• [SUPPLIED MATERIAL]
-.-.-
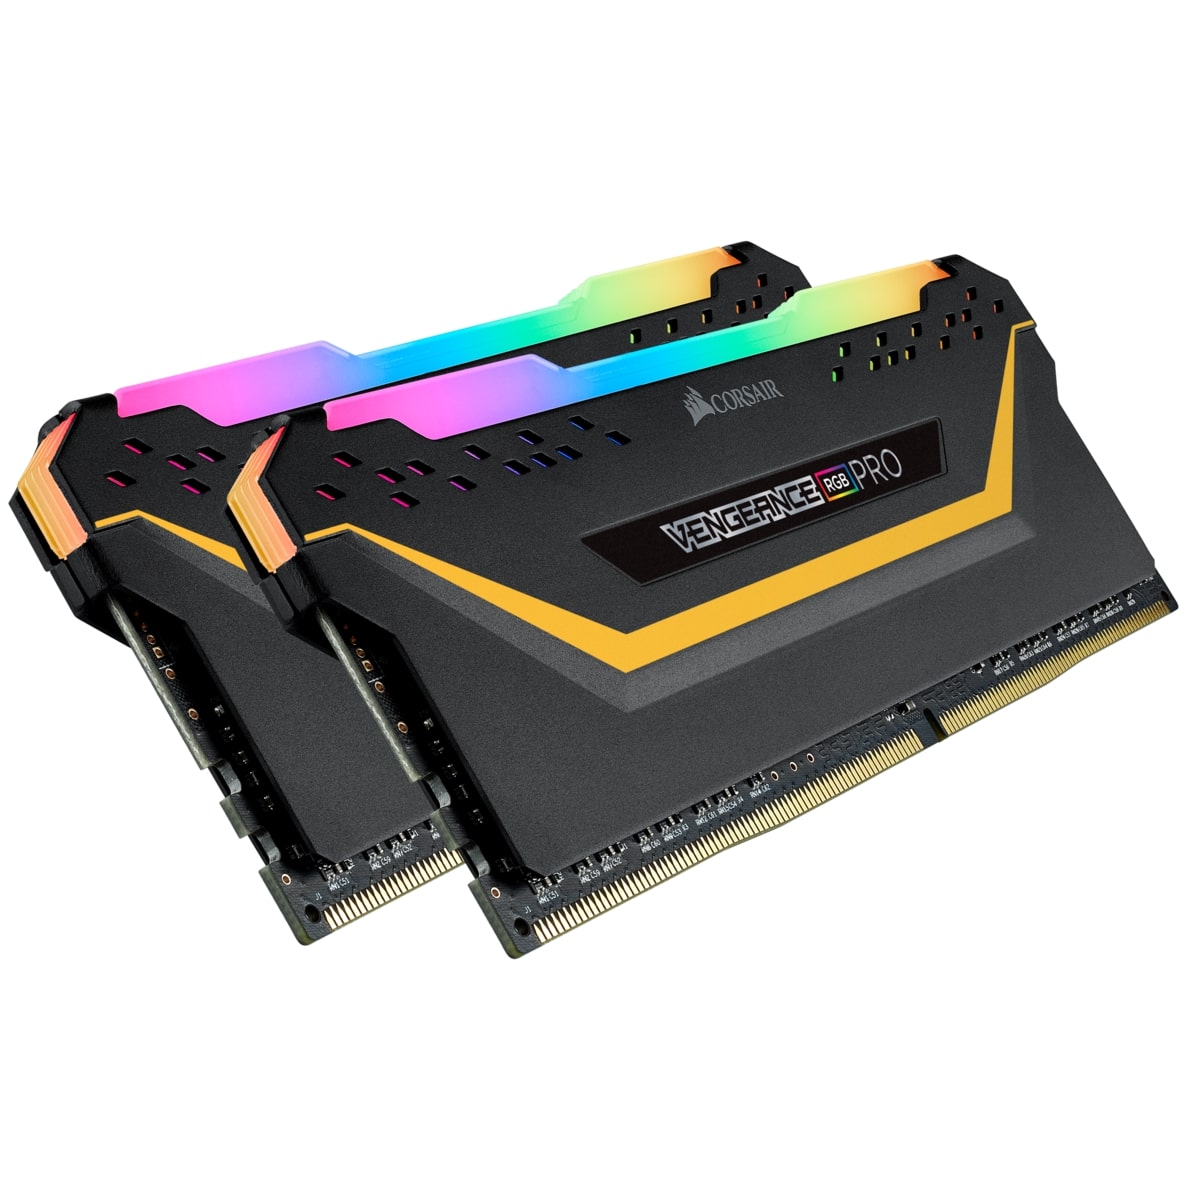 RAM CORSAIR VENGEANCE PRO RGB TUF 16GB (2x8GB) DDR4 3200MHz - CMW16GX4M2C3200C16-TUF - songphuong.vn
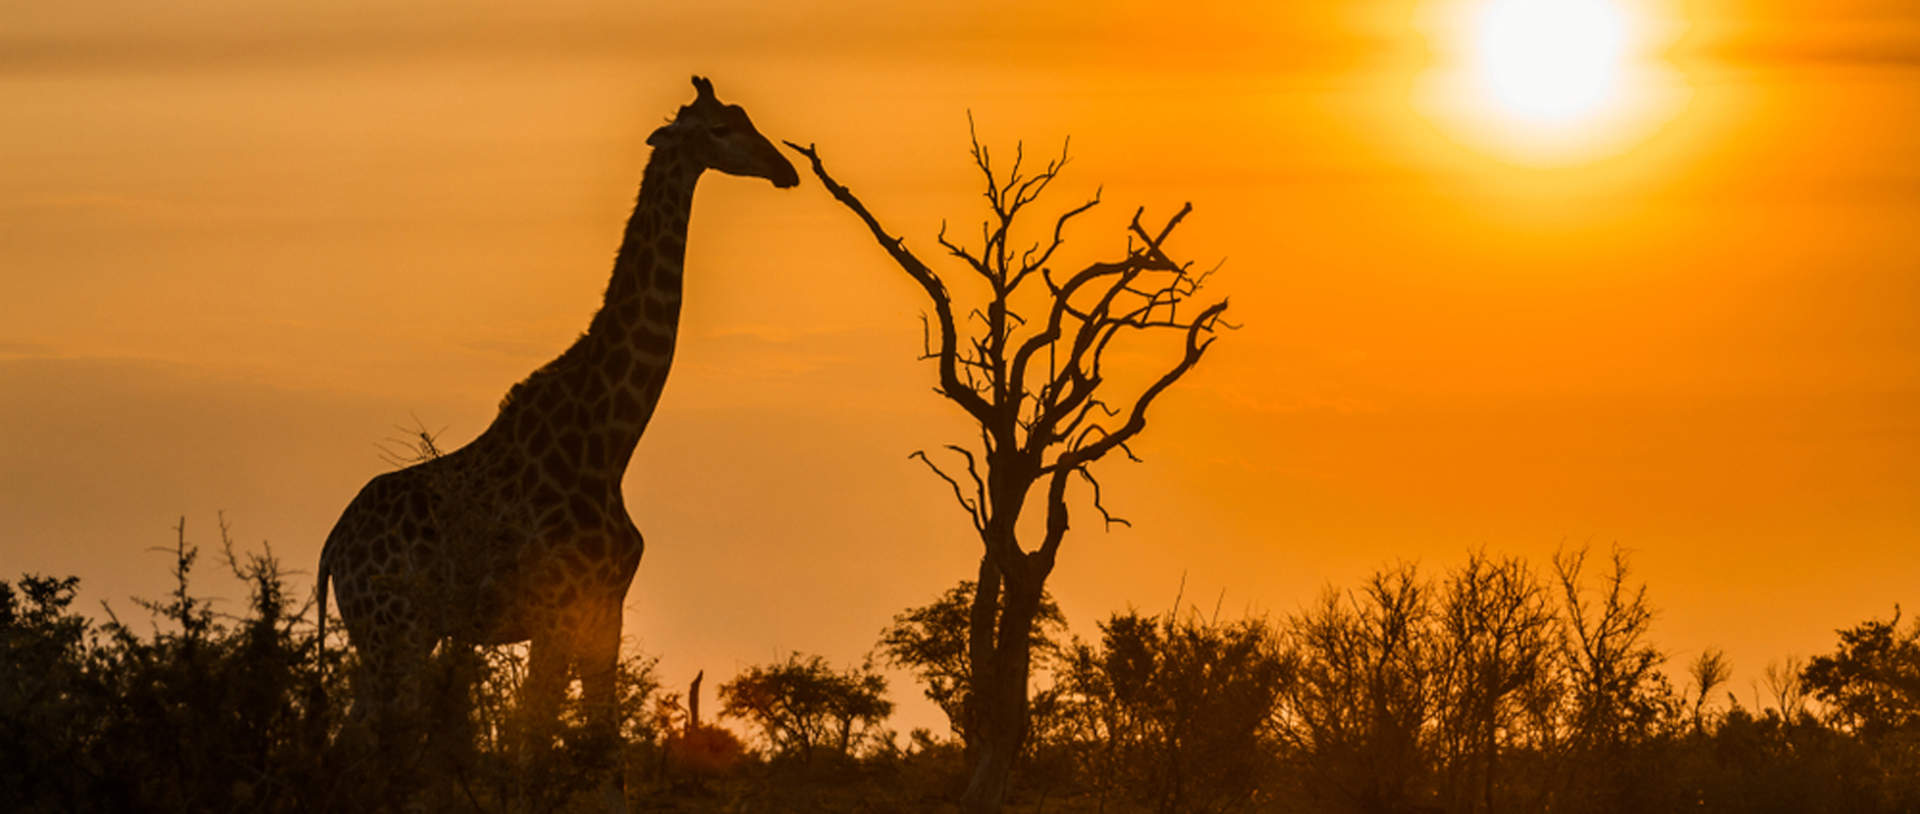 Giraffe In Kruger National Park, South Africa
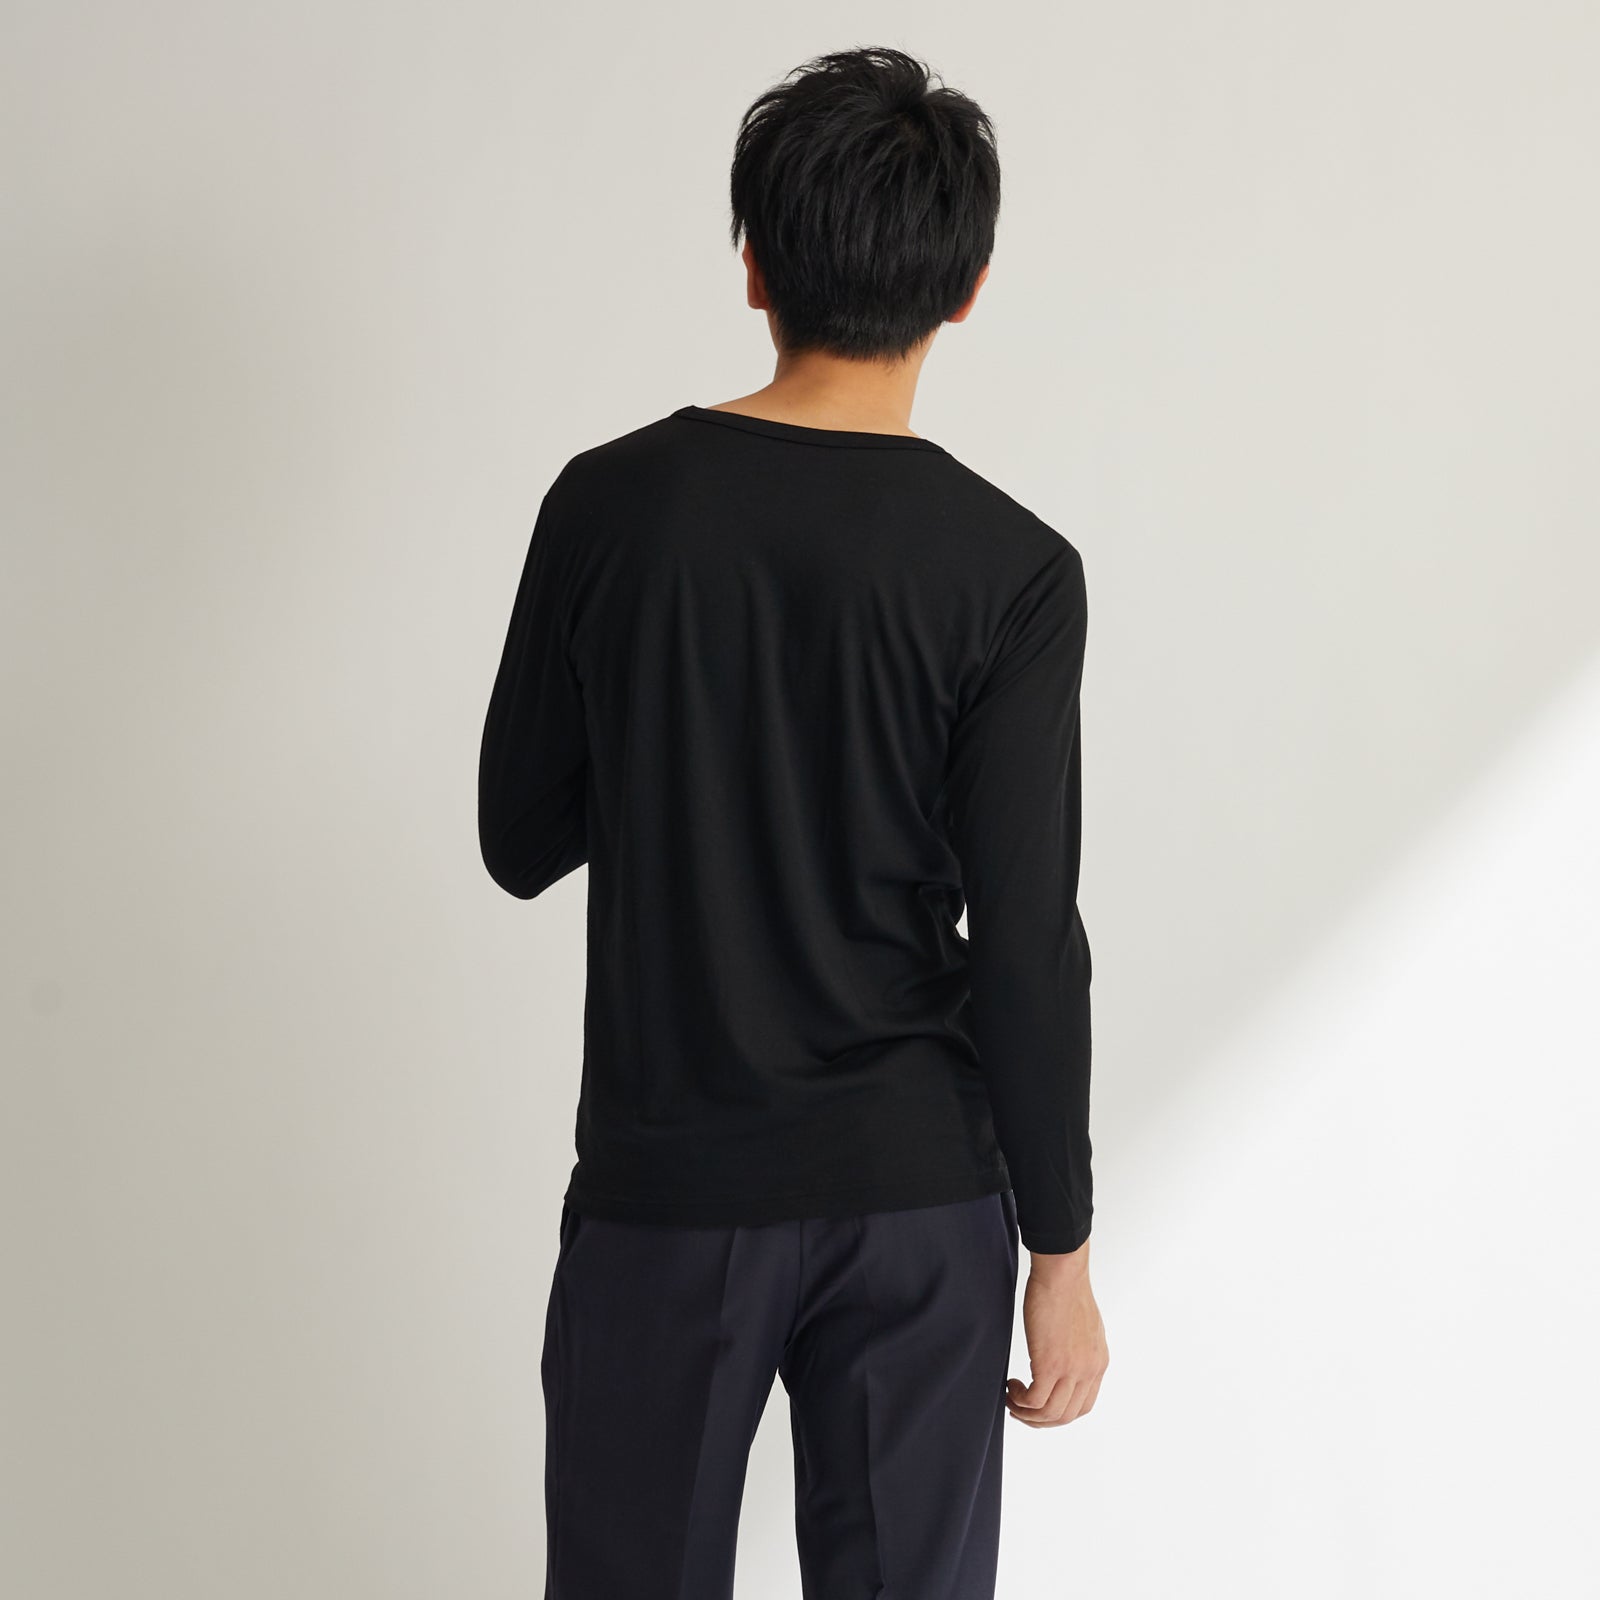 Men's 100% Merino Wool Jersey V-Neck Long Sleeve Tee in Black
-.-.-
• [TASK TO CARRY OUT] Without the pictures, write out the entire listing exactly.

• [RESPONSE AREA]
 RAM CORSAIR VENGEANCE PRO RGB TUF 16GB (2x8GB) DDR4 3200MHz - CMW16GX4M2C3200C16-TUF - songphuong.vn
 Giraffe In Kruger National Park, South Africa
 Men's 100% Merino Wool Jersey V-Neck Long Sleeve Tee in Black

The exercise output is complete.